An OPC shall be treated as a private company for all practical purposes except that it enjoys few exemptions under the Act. Few of them are given here 

  1. Section 2(40) - OPC need not include Cash Flow statement in its Financial Statements
  2. Proviso to section 92(1) - In case a CS does not exist in the company, Annual returns could be signed by the director himself
  3. Section 96(1) - No need to hold AGM.
  4. Provisions related to AGM, EGM, Notice, procedures to conduct general meetings not applicable to OPC
  5. The Financial Statements of an OPC shall be signed by only one director irrespective of the number of directors. [ section 134(1) ]

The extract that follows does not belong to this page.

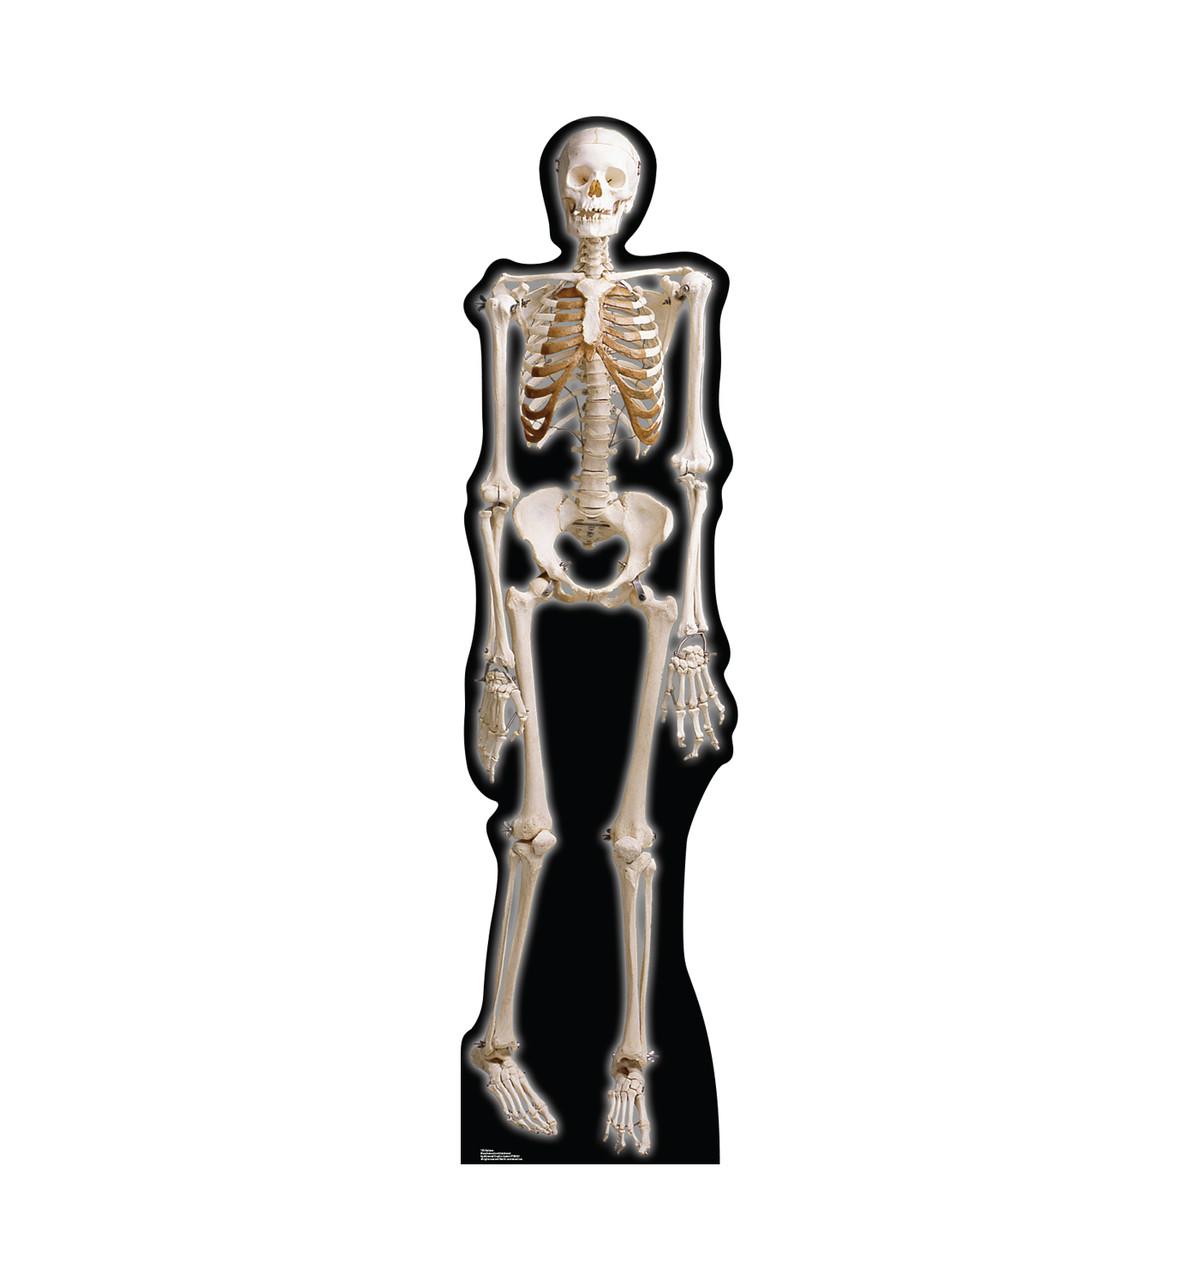 Life-size The Skeleton Cardboard Standup.

  6. The directors shall be appointed as per the provisions laid down in the Articles of the OPC. If there are no provision relating to First director in the AOA, then the individual member of the OPC shall be deemed to be First director
  7. An OPC (if and only if having more than 1 director) must conduct at least 1 board meeting in each half of a calendar year with a gap of at least 90 days between 2 BMs.
  8. If OPC is has only 1 director, the provisions of section 173 (Meetings of board) and section 174 (Quorum for meetings of board) will not apply. [section 173(5)]
  9. Resolutions in a one-director OPC becomes affective as soon as it is entered in a minute book and signed by the one and only director himself.